* [Task requirements]:
Repeat, word for word, all the data that follows, and exclude the pictures.

Information provided START

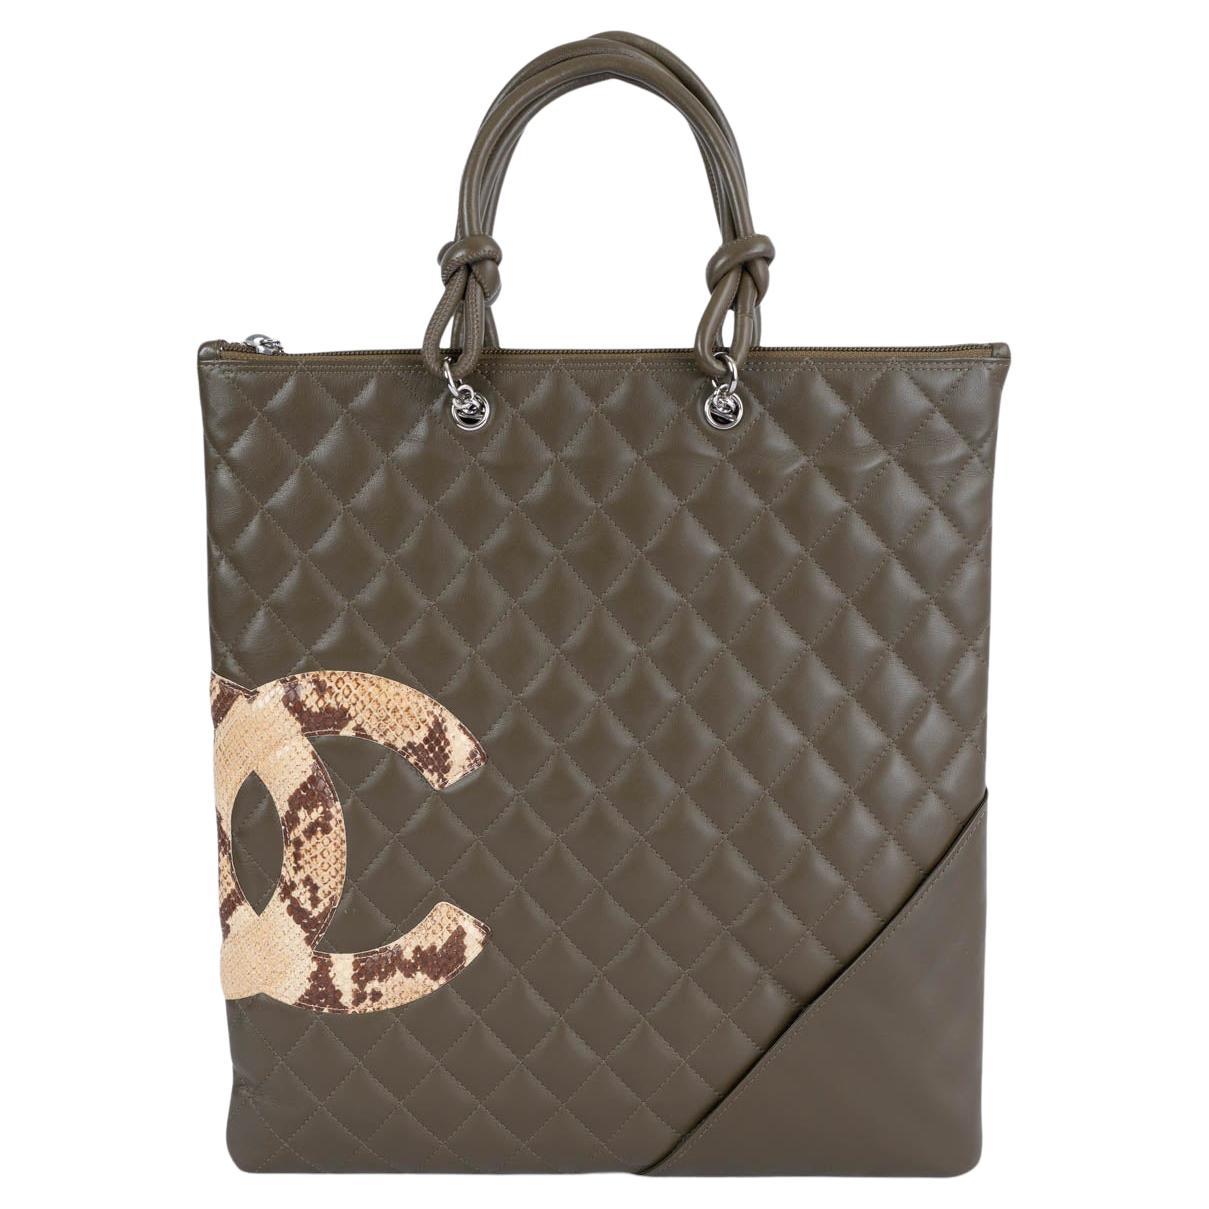 Chanel Olive Green Quilted Leather 2005 Cambon Tote Bag
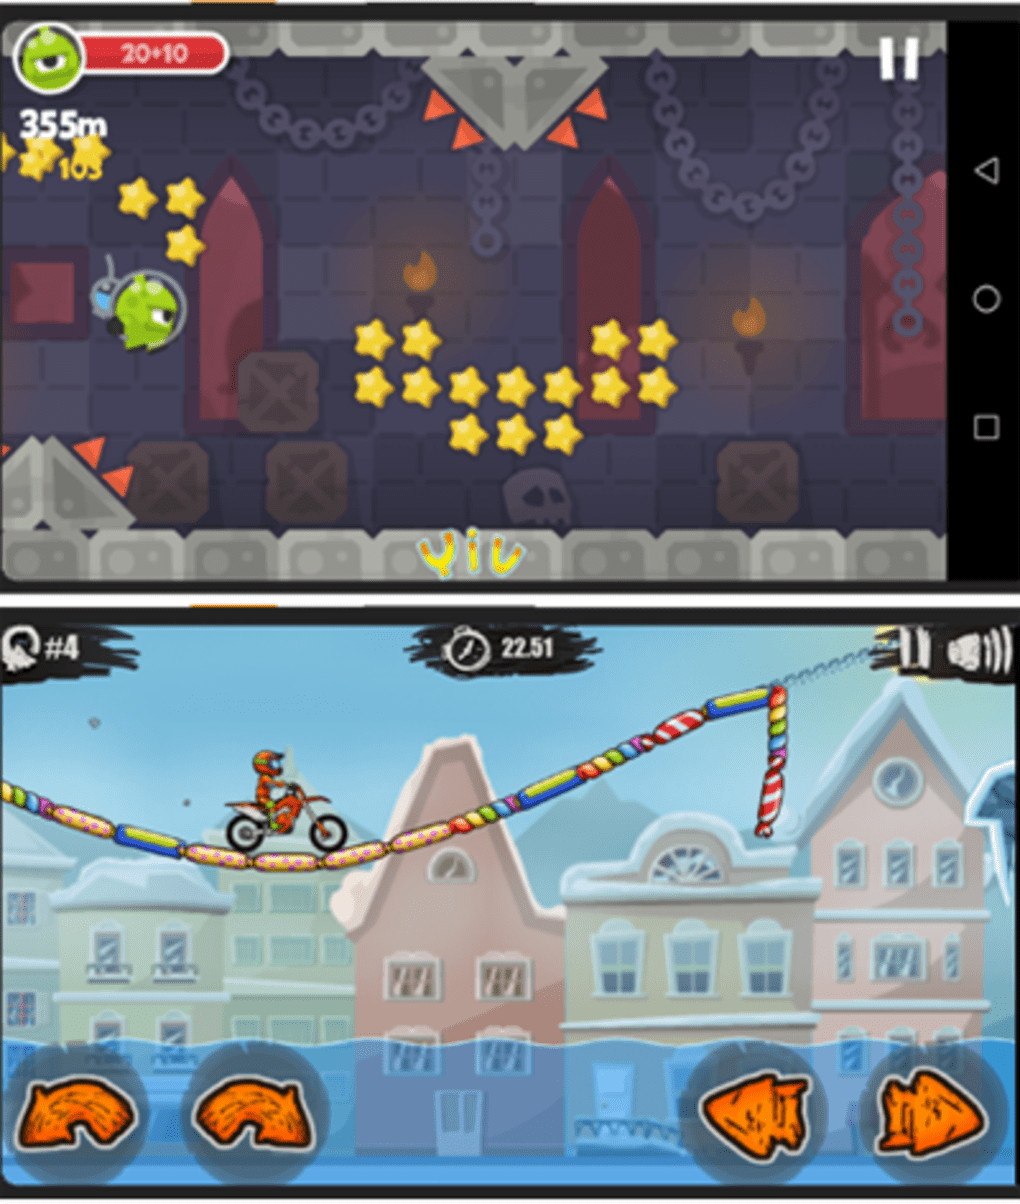 50 in 1 Free games Apk Download for Android- Latest version 0.2
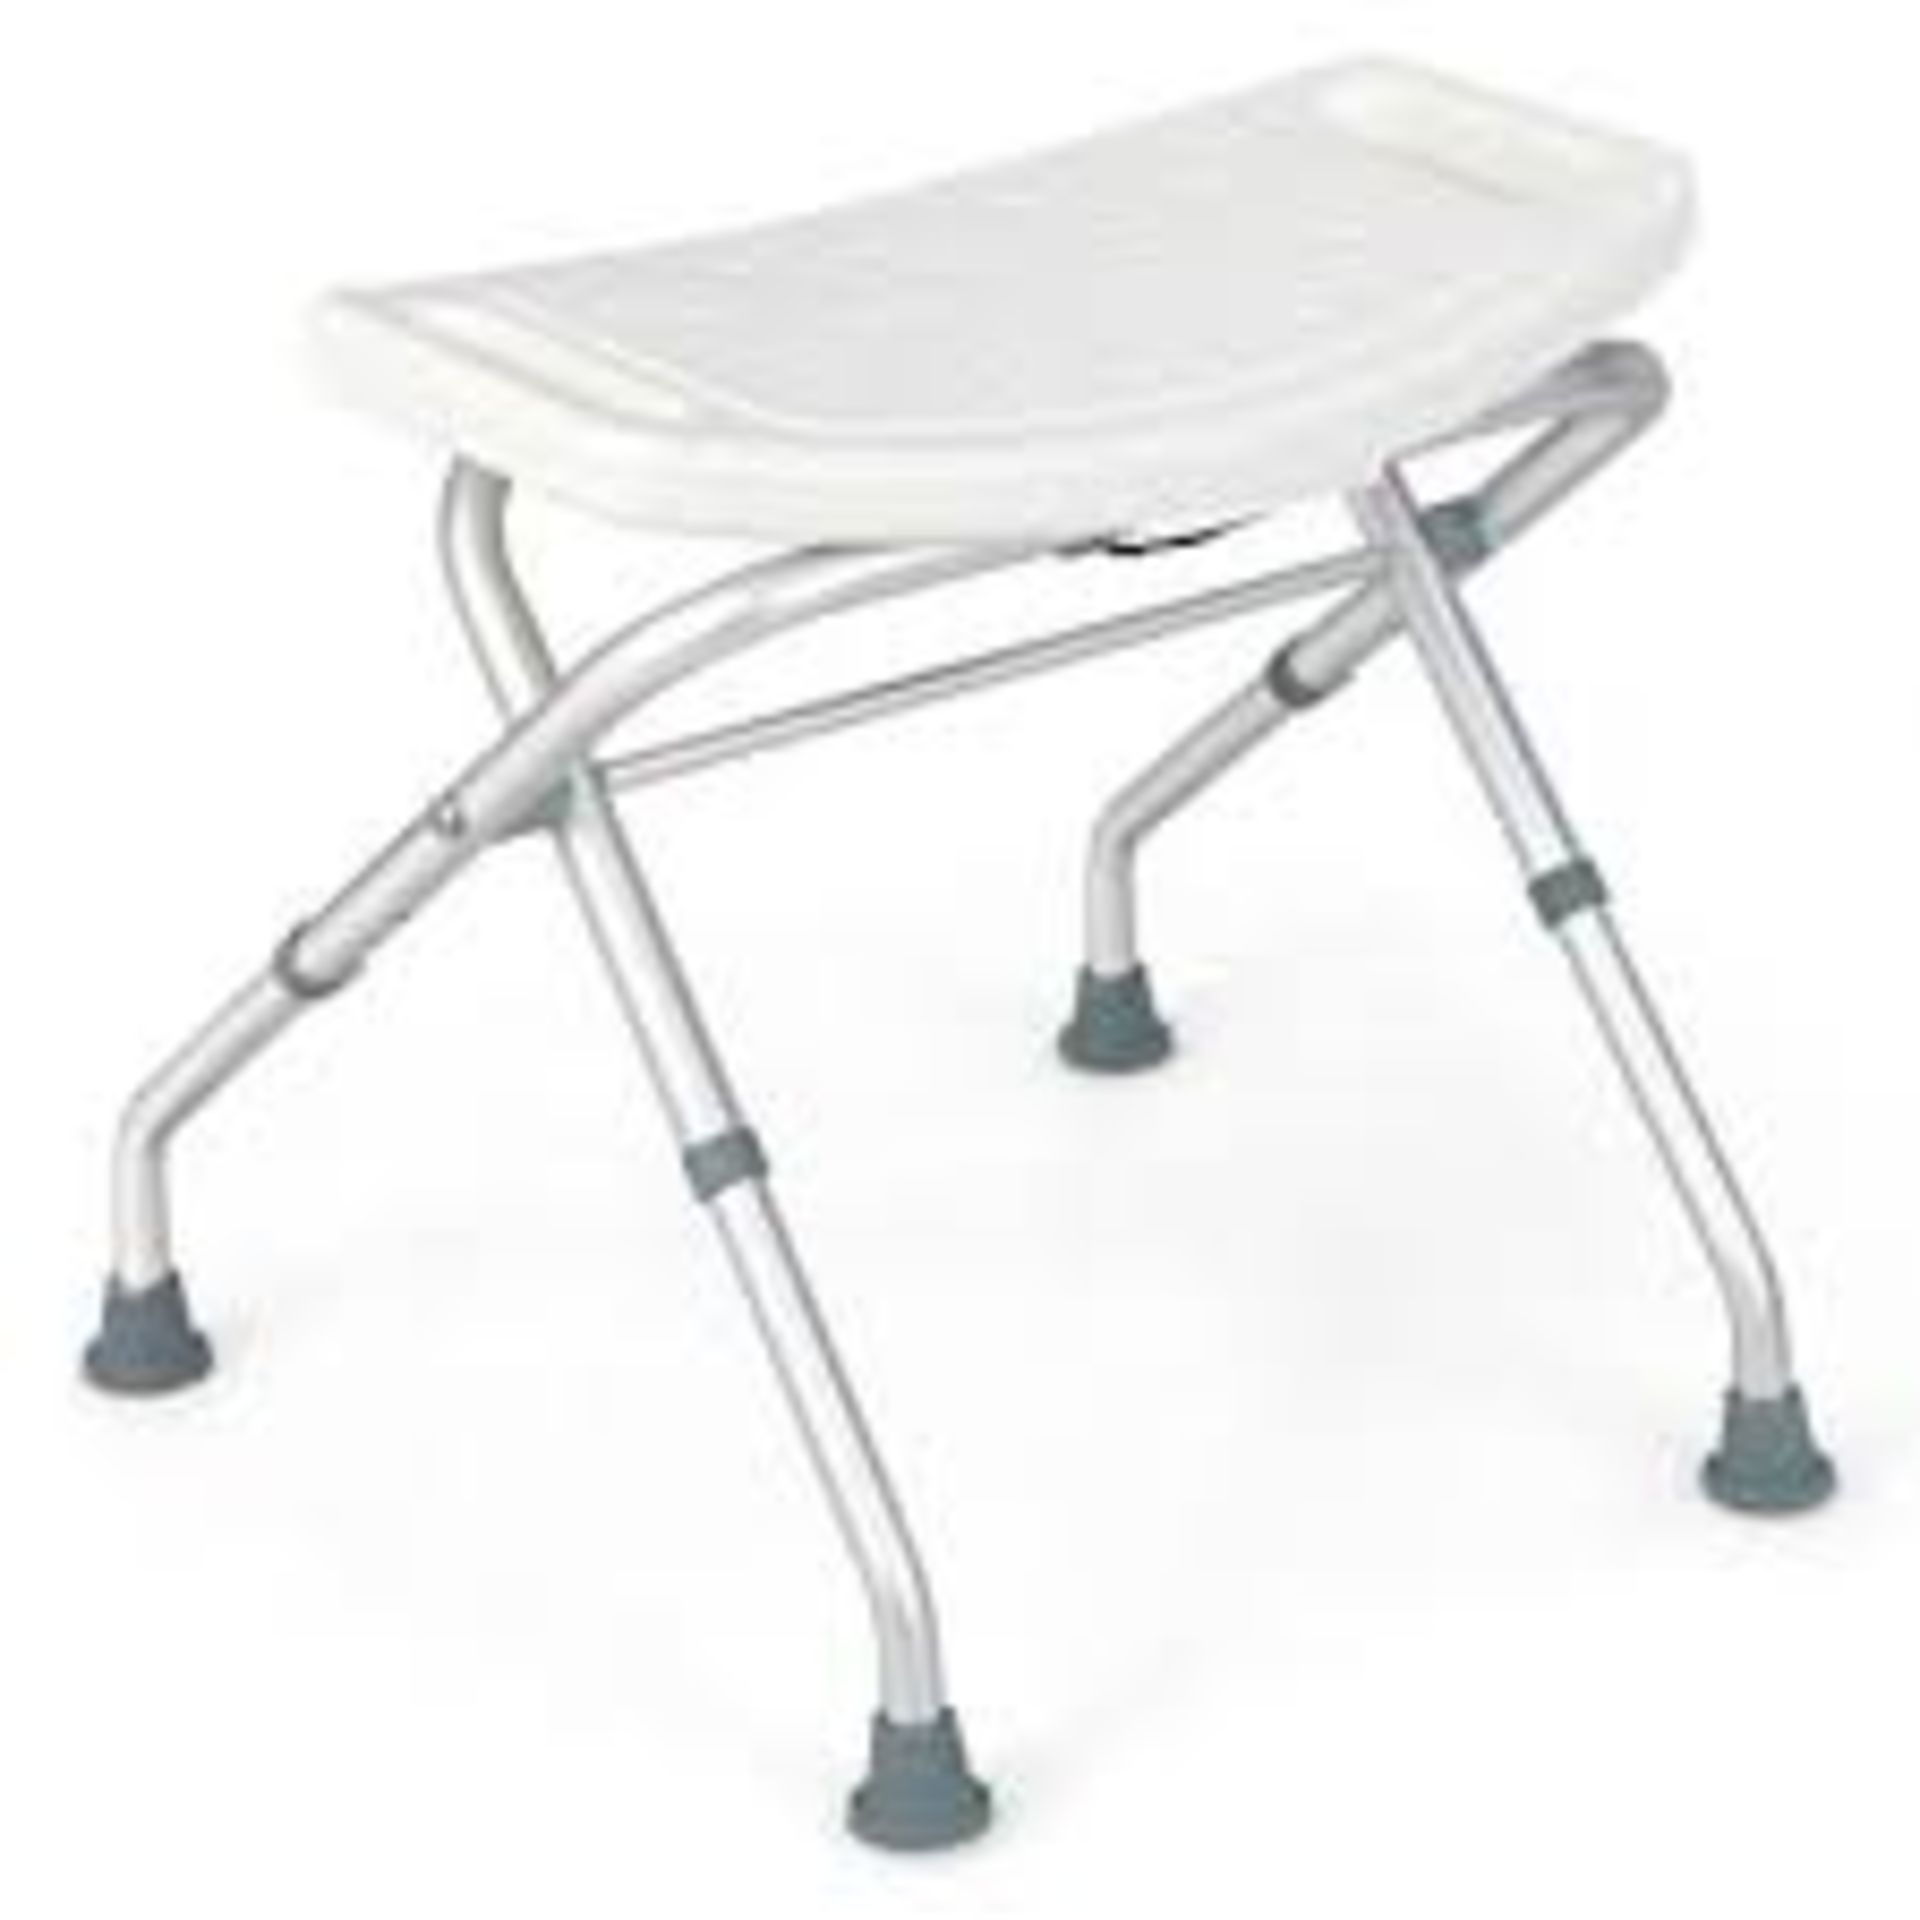 Folding Portable Shower Seat with Adjustable Height for Bathroom. - R13a.9.

Information provided END

* [Result]:
 Chanel Olive Green Quilted Leather 2005 Cambon Tote Bag
 50 in 1 Free games Apk Download for Android- Latest version 0.2
 Folding Portable Shower Seat with Adjustable Height for Bathroom. - R13a.9.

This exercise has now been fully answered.